Given records:
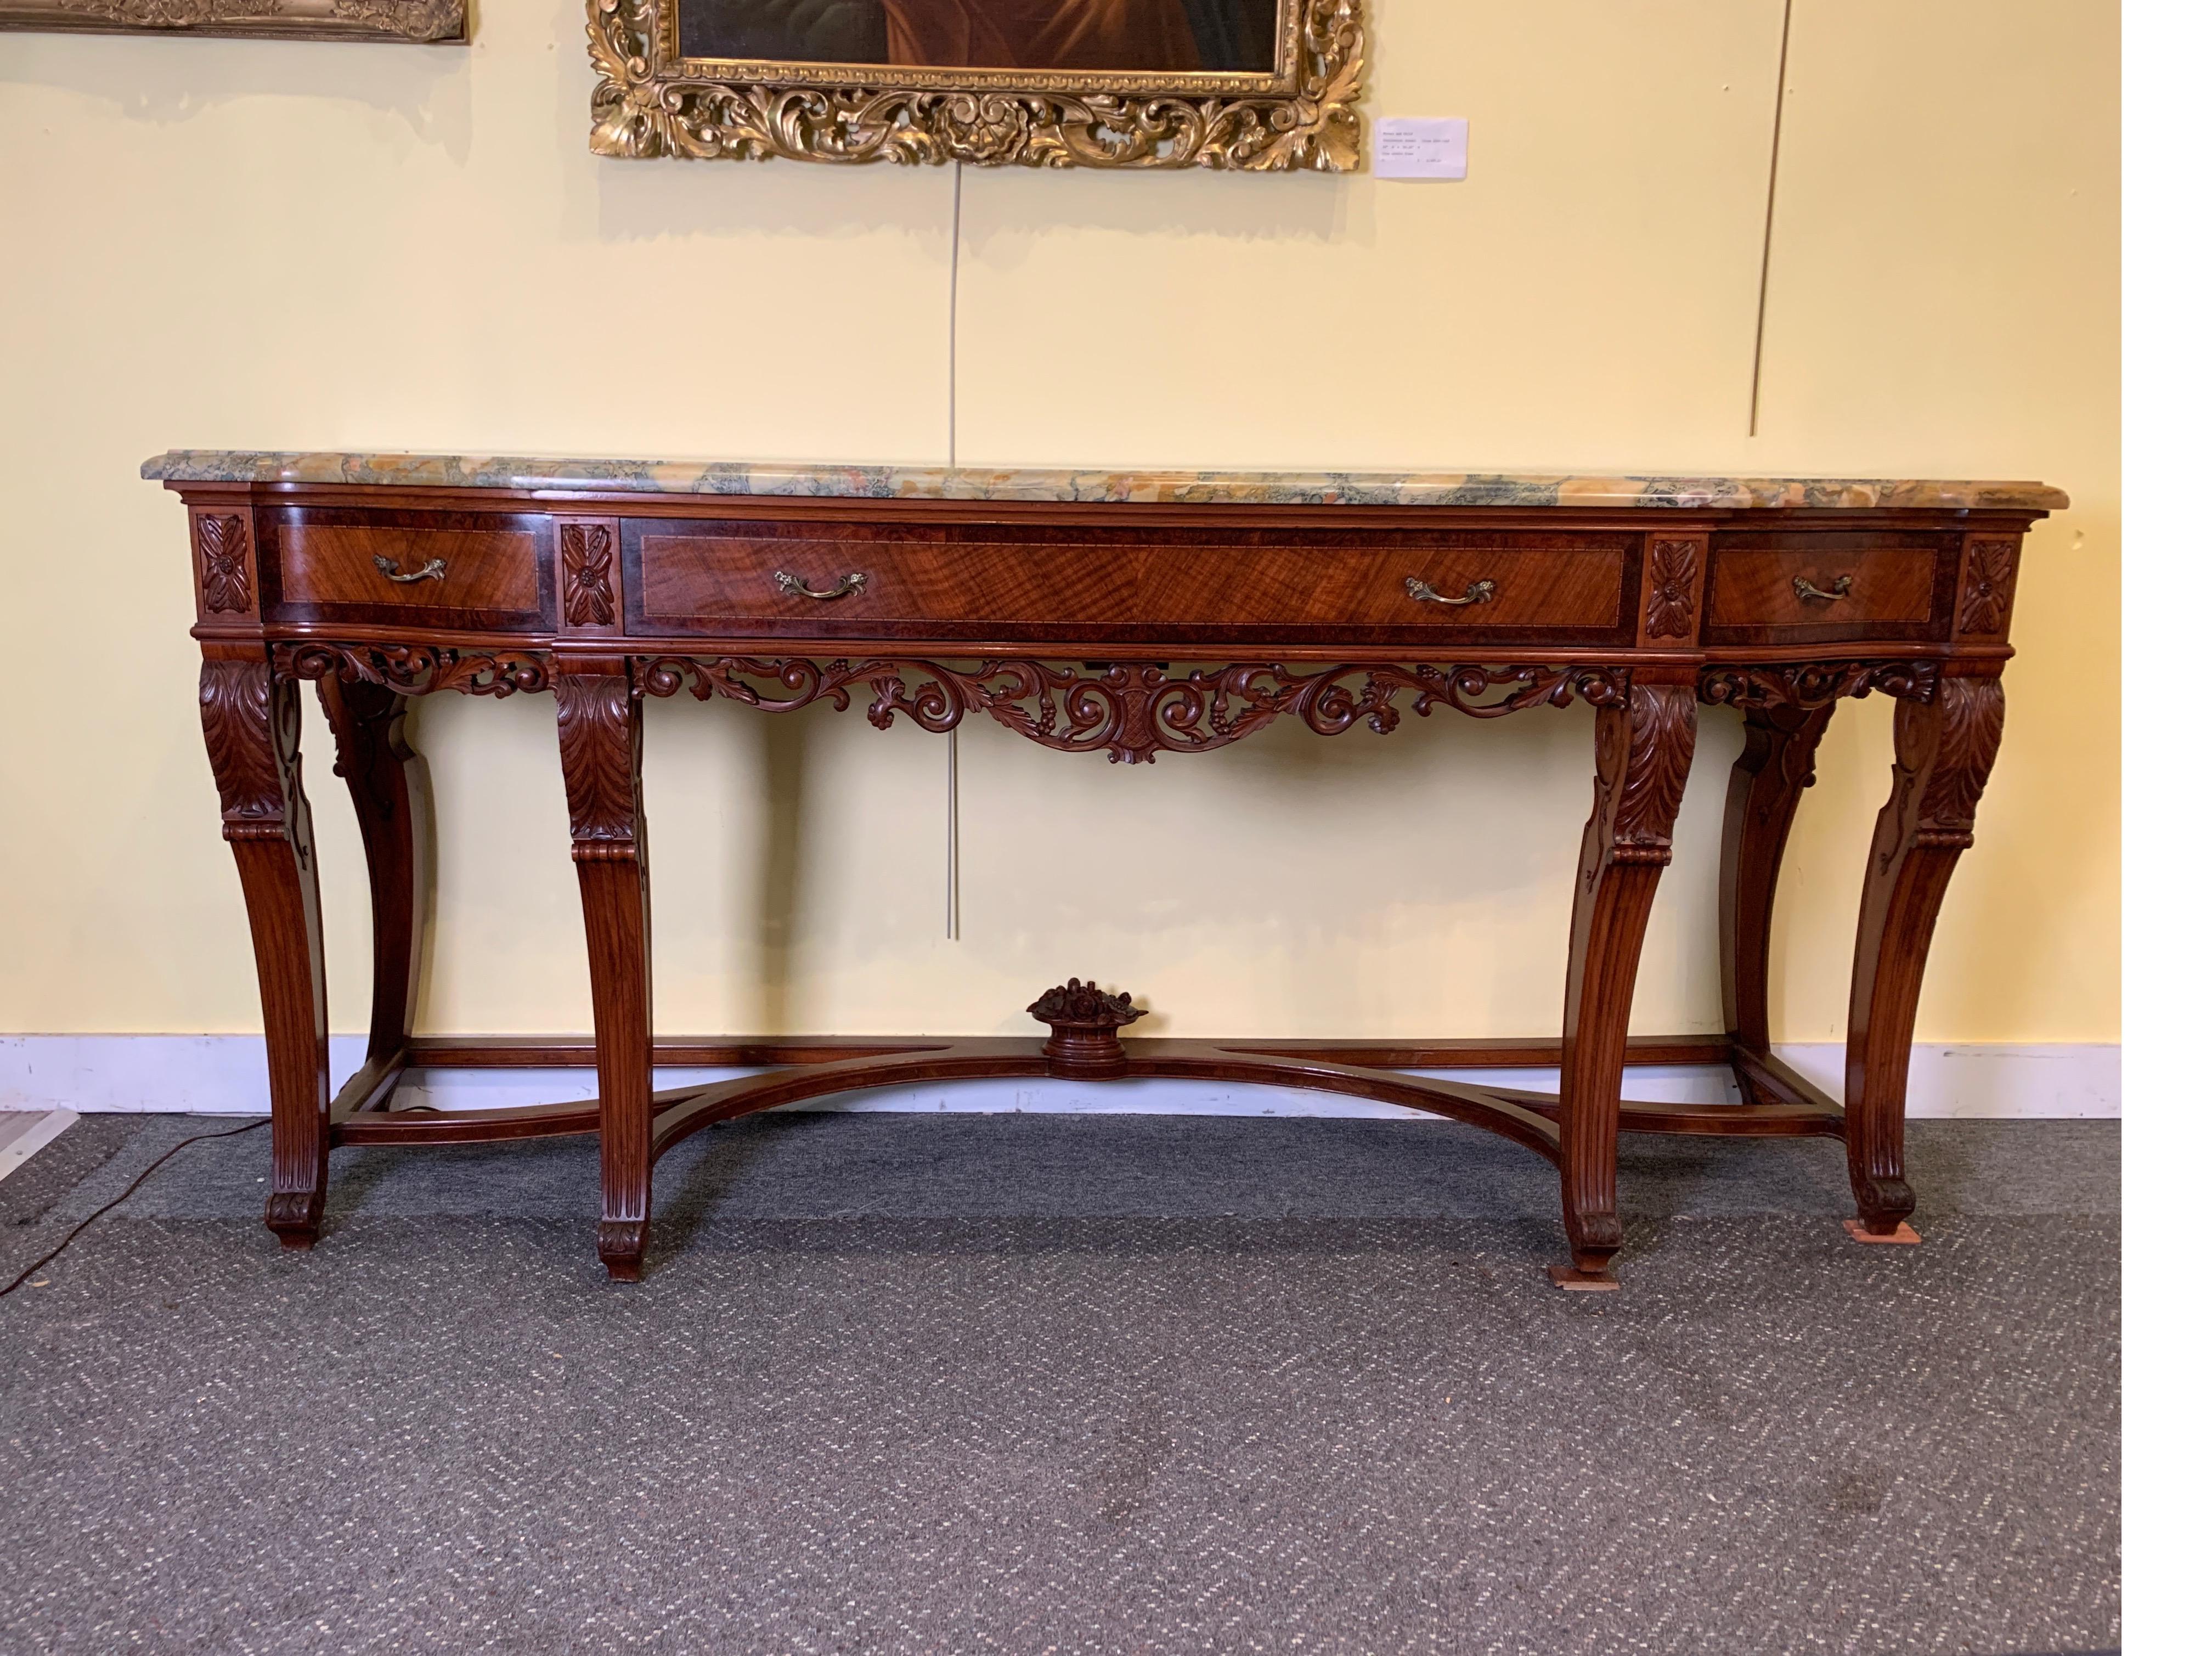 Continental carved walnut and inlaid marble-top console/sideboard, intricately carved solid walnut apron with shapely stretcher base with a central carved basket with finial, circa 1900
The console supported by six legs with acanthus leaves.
* * *
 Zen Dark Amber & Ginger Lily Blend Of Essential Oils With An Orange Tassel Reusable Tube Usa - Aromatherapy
...
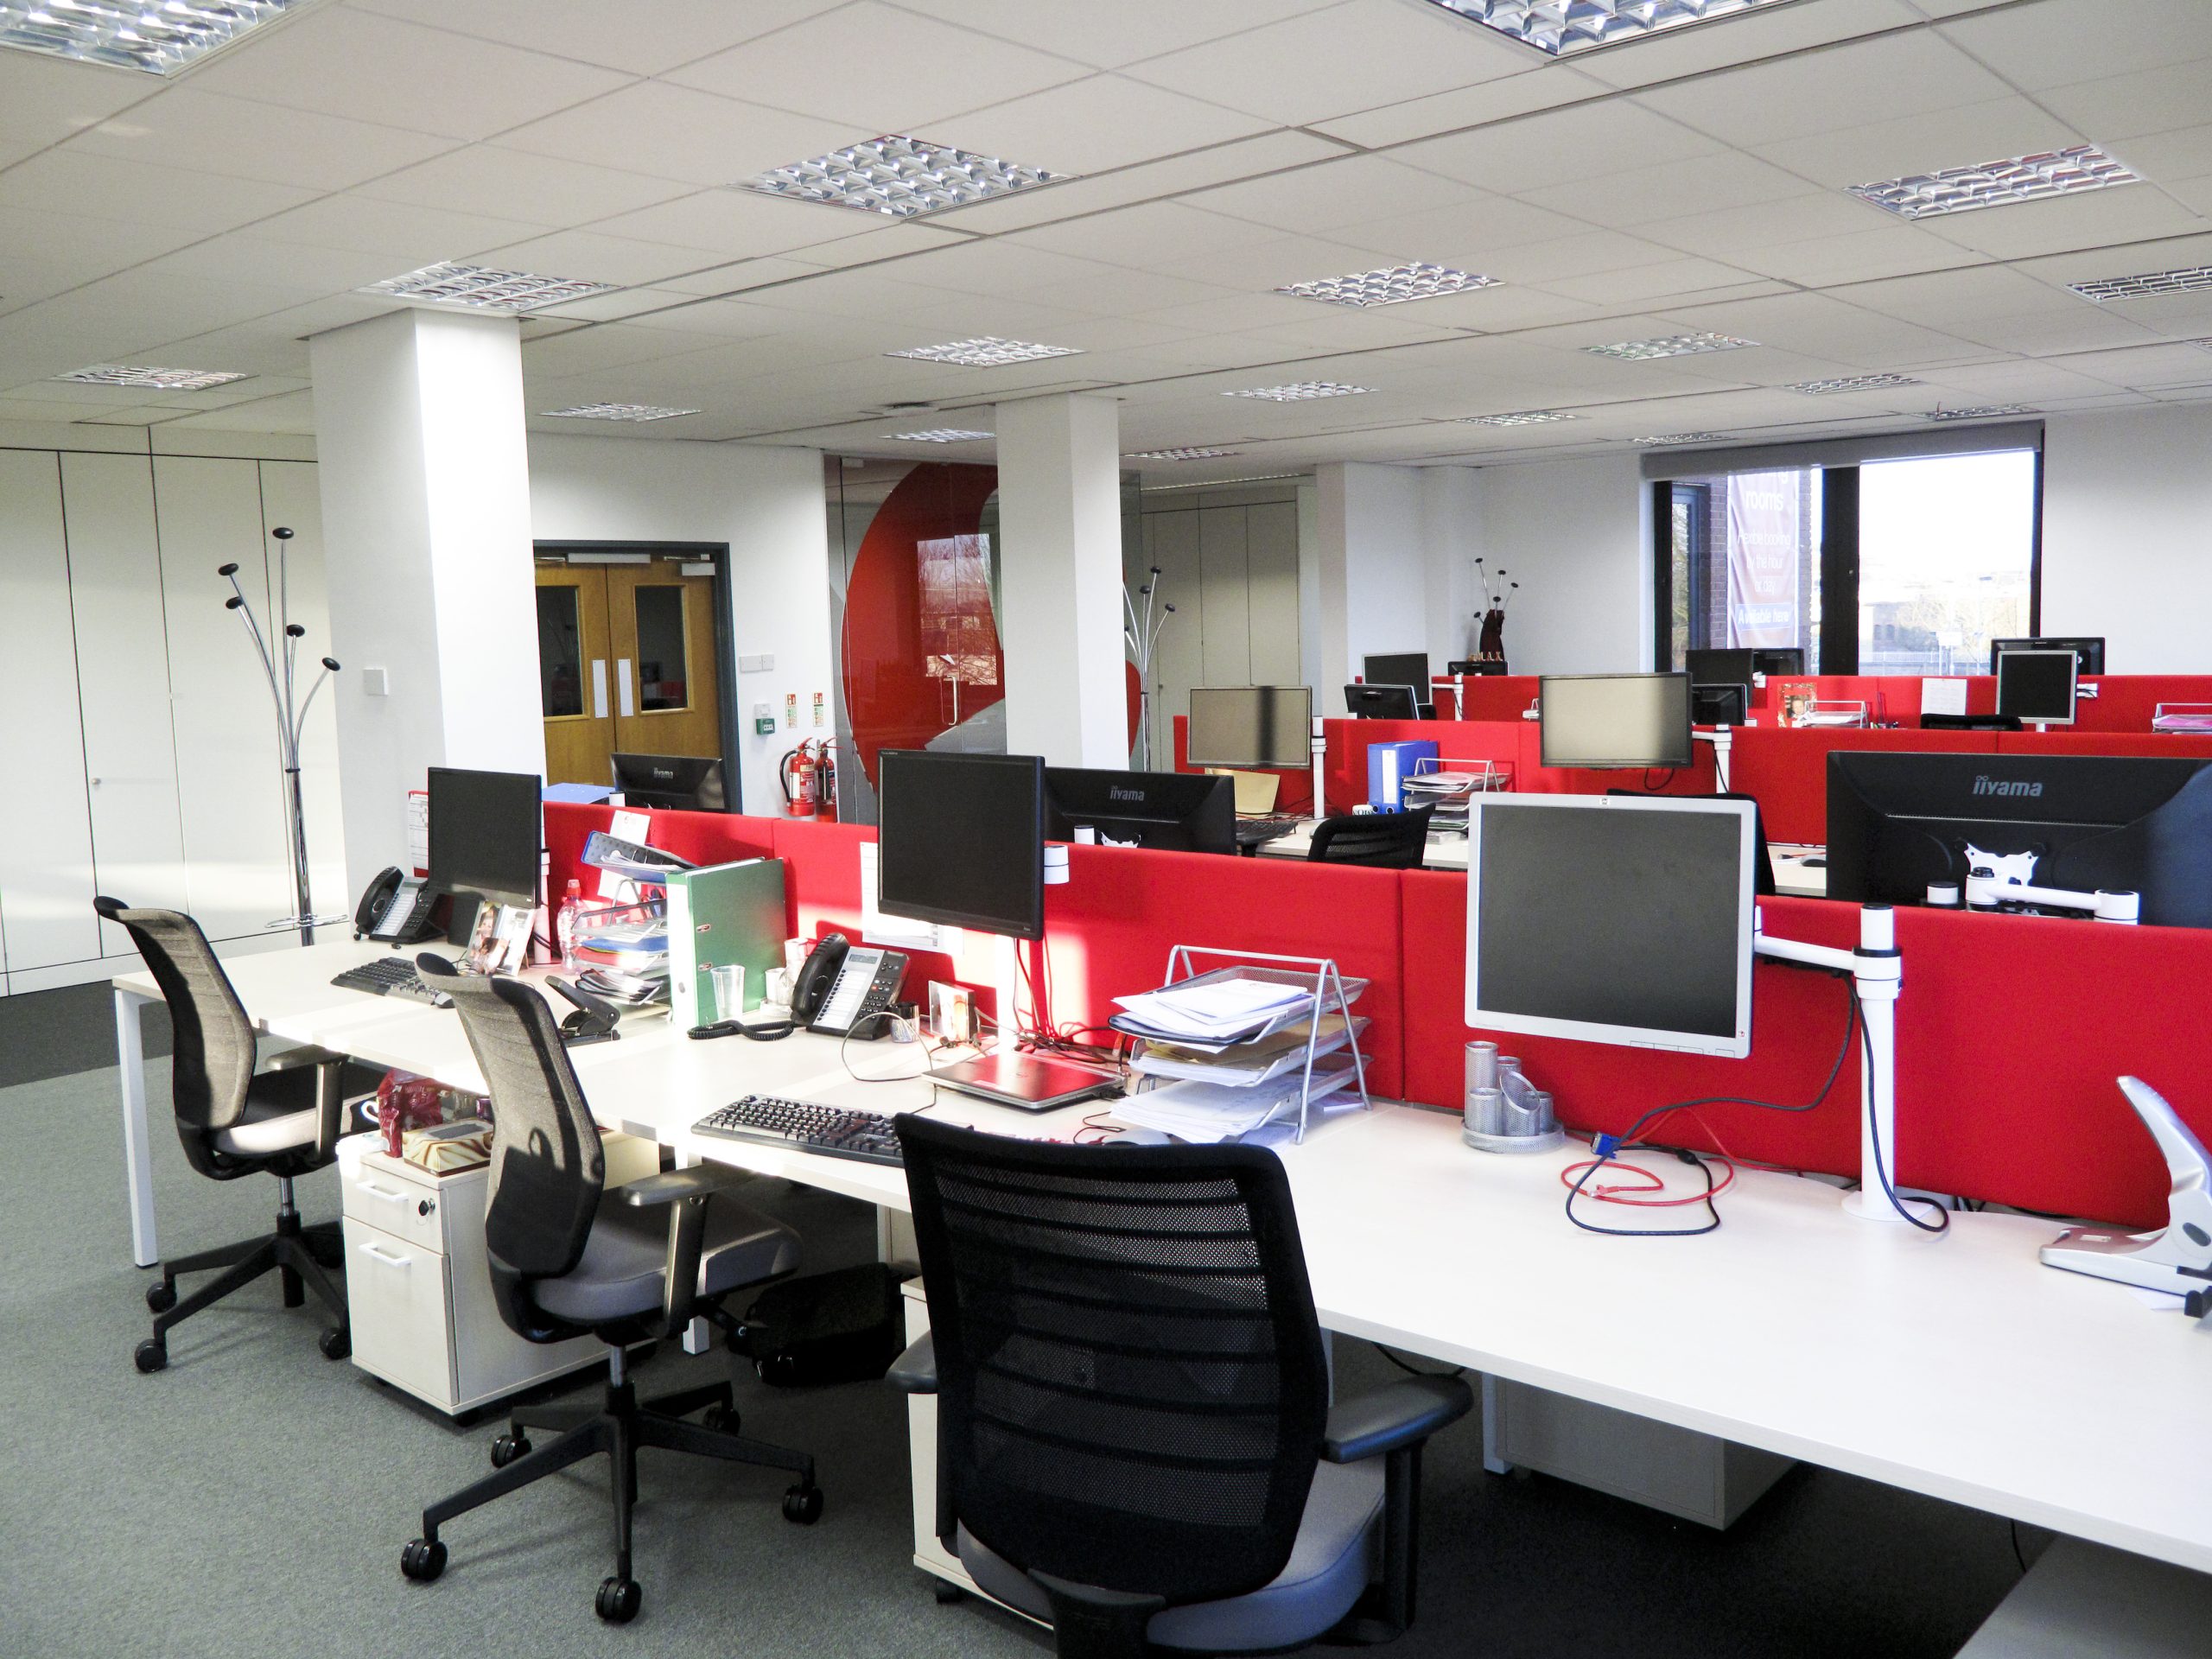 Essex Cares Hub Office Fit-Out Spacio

What this task involves: Quote the data above exactly from the line with "Continental carved walnut" to the line with "The console supported", both ends counted, and nothing else. Pictures don't go in.

Solution for this problem:
 Continental carved walnut and inlaid marble-top console/sideboard, intricately carved solid walnut apron with shapely stretcher base with a central carved basket with finial, circa 1900
The console supported by six legs with acanthus leaves.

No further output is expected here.